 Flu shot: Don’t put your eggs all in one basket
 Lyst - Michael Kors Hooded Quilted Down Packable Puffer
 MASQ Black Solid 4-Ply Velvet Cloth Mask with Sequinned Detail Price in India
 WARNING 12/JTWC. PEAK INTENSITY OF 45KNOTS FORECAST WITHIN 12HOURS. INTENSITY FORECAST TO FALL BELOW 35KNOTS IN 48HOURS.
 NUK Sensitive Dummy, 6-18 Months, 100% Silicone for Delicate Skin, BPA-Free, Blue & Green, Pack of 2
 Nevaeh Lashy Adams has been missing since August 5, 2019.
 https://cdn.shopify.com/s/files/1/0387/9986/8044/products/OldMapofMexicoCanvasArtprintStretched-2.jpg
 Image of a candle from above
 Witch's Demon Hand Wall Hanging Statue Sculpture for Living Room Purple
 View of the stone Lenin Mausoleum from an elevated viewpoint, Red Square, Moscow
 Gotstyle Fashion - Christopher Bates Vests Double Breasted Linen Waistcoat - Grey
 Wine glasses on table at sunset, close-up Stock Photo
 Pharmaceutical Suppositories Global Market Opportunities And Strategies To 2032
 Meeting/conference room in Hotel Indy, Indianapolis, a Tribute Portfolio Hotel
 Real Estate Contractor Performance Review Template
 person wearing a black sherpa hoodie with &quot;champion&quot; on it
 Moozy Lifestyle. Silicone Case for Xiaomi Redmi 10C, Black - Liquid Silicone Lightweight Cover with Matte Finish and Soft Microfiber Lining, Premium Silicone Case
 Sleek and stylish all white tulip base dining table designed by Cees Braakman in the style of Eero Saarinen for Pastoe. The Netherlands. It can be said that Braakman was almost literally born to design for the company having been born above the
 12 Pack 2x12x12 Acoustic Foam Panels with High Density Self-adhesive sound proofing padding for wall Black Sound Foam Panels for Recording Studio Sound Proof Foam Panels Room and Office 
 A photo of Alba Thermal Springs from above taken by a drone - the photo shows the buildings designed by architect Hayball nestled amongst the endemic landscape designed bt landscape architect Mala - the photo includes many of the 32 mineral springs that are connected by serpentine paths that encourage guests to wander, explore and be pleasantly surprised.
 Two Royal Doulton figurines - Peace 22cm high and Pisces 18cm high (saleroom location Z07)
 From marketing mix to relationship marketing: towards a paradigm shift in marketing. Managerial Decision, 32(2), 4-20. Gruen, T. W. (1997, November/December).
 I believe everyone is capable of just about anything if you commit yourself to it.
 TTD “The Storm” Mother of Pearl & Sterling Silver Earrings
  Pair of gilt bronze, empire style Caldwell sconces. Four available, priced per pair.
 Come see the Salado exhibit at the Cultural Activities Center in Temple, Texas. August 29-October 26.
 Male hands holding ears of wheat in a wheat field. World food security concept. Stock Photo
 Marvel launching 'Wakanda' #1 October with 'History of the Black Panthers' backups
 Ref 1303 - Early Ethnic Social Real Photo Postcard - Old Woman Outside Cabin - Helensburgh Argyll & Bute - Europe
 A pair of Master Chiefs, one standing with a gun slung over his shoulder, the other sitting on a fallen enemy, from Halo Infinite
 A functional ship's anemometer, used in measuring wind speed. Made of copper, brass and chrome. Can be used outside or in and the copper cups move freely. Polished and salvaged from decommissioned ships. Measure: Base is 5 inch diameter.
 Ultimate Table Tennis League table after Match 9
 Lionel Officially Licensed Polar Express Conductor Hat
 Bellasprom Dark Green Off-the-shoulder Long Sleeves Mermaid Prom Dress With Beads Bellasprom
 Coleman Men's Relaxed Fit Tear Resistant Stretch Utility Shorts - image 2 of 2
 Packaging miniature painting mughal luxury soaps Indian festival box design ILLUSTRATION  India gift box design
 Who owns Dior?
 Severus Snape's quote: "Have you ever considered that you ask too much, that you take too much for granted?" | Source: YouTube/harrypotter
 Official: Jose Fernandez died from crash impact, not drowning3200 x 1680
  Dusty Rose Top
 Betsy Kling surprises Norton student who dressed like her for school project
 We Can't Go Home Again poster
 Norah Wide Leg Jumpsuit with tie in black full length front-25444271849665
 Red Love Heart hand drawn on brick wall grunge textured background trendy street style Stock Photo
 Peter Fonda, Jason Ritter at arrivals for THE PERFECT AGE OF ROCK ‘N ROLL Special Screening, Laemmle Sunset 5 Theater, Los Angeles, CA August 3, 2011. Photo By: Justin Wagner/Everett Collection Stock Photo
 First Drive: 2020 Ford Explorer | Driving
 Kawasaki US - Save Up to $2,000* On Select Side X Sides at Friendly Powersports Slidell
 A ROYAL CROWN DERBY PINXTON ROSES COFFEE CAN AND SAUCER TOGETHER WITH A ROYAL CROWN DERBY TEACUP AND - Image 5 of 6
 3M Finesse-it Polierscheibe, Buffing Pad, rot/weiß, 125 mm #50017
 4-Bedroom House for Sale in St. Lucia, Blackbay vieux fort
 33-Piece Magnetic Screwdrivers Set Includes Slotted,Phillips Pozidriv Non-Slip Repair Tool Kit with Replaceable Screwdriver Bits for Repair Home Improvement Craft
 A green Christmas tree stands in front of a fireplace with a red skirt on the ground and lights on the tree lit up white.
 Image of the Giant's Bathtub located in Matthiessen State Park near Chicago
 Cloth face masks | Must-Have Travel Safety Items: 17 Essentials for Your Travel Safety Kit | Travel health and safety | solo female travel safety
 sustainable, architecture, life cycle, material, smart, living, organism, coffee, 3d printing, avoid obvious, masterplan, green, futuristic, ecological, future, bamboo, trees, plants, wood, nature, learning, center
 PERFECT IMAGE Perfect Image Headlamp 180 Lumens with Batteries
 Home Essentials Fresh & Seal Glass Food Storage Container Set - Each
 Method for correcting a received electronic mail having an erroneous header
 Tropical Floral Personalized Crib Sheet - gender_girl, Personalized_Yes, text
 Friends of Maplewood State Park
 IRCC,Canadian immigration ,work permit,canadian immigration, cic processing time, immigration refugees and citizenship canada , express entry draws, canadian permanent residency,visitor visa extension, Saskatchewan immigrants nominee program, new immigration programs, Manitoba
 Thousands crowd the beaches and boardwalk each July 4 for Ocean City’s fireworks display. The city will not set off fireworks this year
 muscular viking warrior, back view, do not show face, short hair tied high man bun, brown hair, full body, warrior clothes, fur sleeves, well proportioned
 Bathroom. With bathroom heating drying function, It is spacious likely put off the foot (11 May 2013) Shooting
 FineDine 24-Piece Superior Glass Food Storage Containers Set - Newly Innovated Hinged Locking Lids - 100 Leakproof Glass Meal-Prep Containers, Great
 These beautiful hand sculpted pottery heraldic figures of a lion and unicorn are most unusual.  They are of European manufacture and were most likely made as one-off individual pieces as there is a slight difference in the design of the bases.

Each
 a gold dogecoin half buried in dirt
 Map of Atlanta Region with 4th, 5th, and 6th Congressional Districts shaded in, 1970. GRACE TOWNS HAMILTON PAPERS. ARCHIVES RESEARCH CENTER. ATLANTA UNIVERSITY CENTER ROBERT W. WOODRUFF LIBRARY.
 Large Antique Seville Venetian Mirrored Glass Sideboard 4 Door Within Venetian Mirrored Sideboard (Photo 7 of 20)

+---+

(What the task asks): An exact copy of the entries from the line containing "Method for correcting" through the last line is the expected answer.

(Exercise output):
 Method for correcting a received electronic mail having an erroneous header
 Tropical Floral Personalized Crib Sheet - gender_girl, Personalized_Yes, text
 Friends of Maplewood State Park
 IRCC,Canadian immigration ,work permit,canadian immigration, cic processing time, immigration refugees and citizenship canada , express entry draws, canadian permanent residency,visitor visa extension, Saskatchewan immigrants nominee program, new immigration programs, Manitoba
 Thousands crowd the beaches and boardwalk each July 4 for Ocean City’s fireworks display. The city will not set off fireworks this year
 muscular viking warrior, back view, do not show face, short hair tied high man bun, brown hair, full body, warrior clothes, fur sleeves, well proportioned
 Bathroom. With bathroom heating drying function, It is spacious likely put off the foot (11 May 2013) Shooting
 FineDine 24-Piece Superior Glass Food Storage Containers Set - Newly Innovated Hinged Locking Lids - 100 Leakproof Glass Meal-Prep Containers, Great
 These beautiful hand sculpted pottery heraldic figures of a lion and unicorn are most unusual.  They are of European manufacture and were most likely made as one-off individual pieces as there is a slight difference in the design of the bases.

Each
 a gold dogecoin half buried in dirt
 Map of Atlanta Region with 4th, 5th, and 6th Congressional Districts shaded in, 1970. GRACE TOWNS HAMILTON PAPERS. ARCHIVES RESEARCH CENTER. ATLANTA UNIVERSITY CENTER ROBERT W. WOODRUFF LIBRARY.
 Large Antique Seville Venetian Mirrored Glass Sideboard 4 Door Within Venetian Mirrored Sideboard (Photo 7 of 20)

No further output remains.